When I issue a requests.get request for website design-dogs[.]com, the HTML that's returned is not decoded properly.
response_size = 0
with requests.get("https://design-dogs[.]com", stream = True) as response:
for chunk in response.iter_content(chunk_size = 1000000, decode_unicode = True):
response_size = len(chunk)
if response_size > 2048000:
file_buffer = ""
response.close()
print(file_buffer)
sys.exit(1)
file_buffer = chunk
response.close()
print(file_buffer)
Output, title excerpt only:
æ ªå¼ä¼šç¤¾ デザインドッグスWhen it should be:
株式会社 デザインドッグスWhy is this happening? This doesn't occur on any other website.

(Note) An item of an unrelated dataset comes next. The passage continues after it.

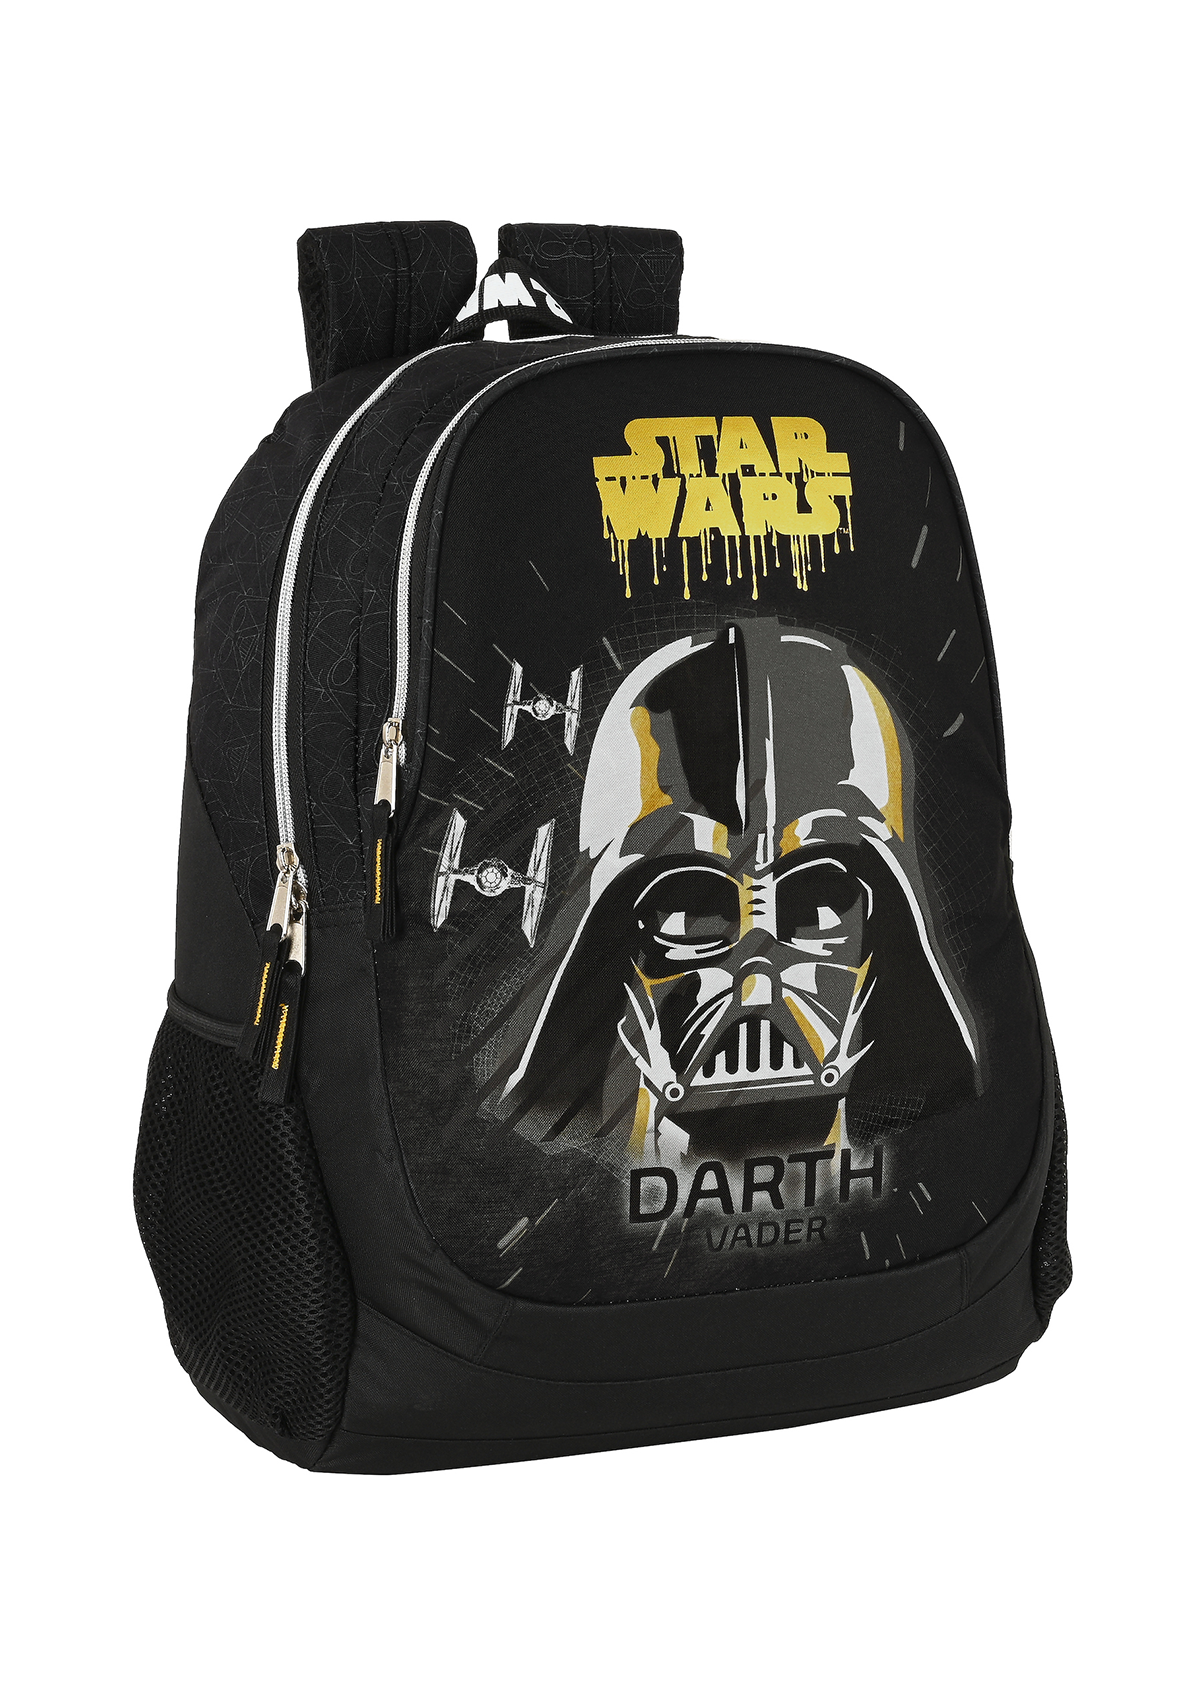 Star Wars Fighter Large Backpack
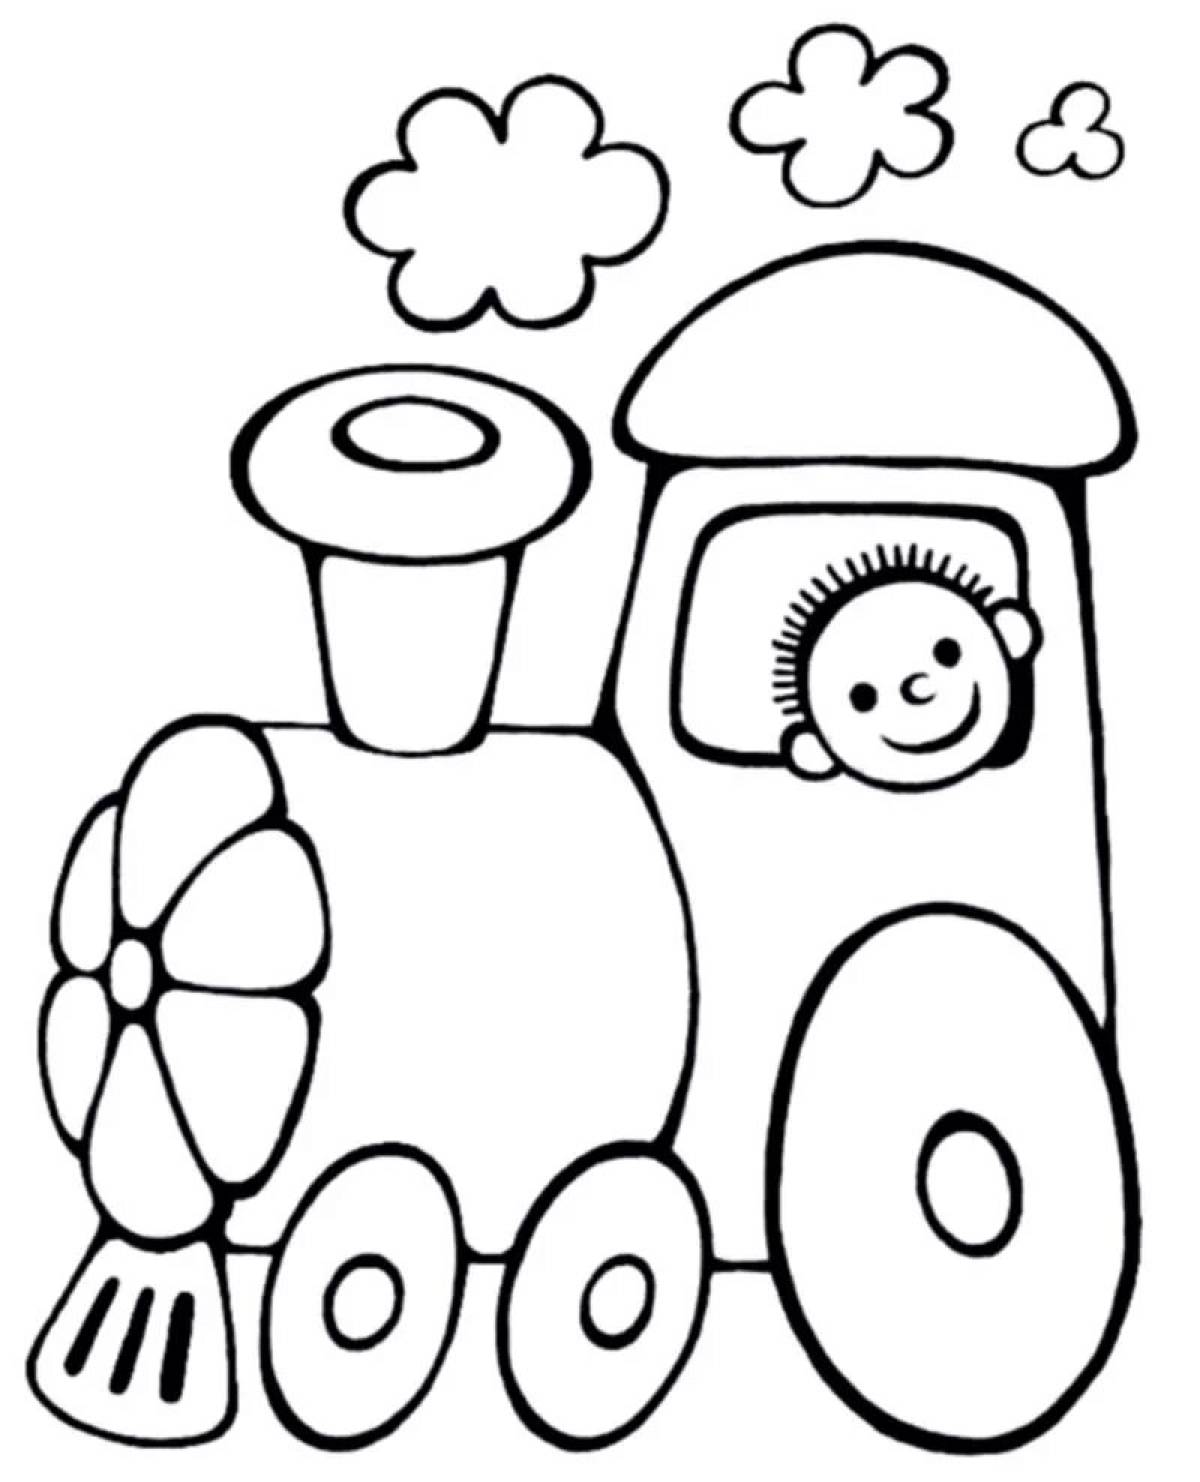 Раскраска для детей 3-4 года поезд, паровозик распечатать

CodePudding user response:
The server is not returning any encoding in response headers:
import requests
response = requests.get("https://design-dogs.com")
print(response.headers)
Prints:
{
"Server": "nginx",
"Date": "Sun, 28 Aug 2022 17:04:12 GMT",
"Content-Type": "text/html", # <--- missing UTF-8
"Last-Modified": "Wed, 20 Jul 2022 04:13:38 GMT",
"Transfer-Encoding": "chunked",
"Connection": "keep-alive",
"ETag": 'W/"62d780f2-39d9"',
"X-Powered-By": "PleskLin",
"Content-Encoding": "br",
}
so requests
is using wrong encoding:
print(response.encoding)
Prints:
ISO-8859-1
The fact that web browser is displaying the webpage correctly is because there is <meta charset="utf-8">
tag at the beginning of the page.
So to display the HTML correctly you can do:
response.encoding = "utf-8"
print(response.text)
# OR:
print(response.content.decode("utf-8"))
With your code snippet:
file_buffer = b""
response_size = 0
with requests.get("https://design-dogs.com", stream=True) as response:
for chunk in response.iter_content(chunk_size=1_000_000):
response_size = len(chunk)
if response_size > 2_048_000:
file_buffer = b""
break
file_buffer = chunk
print(file_buffer.decode("utf-8"))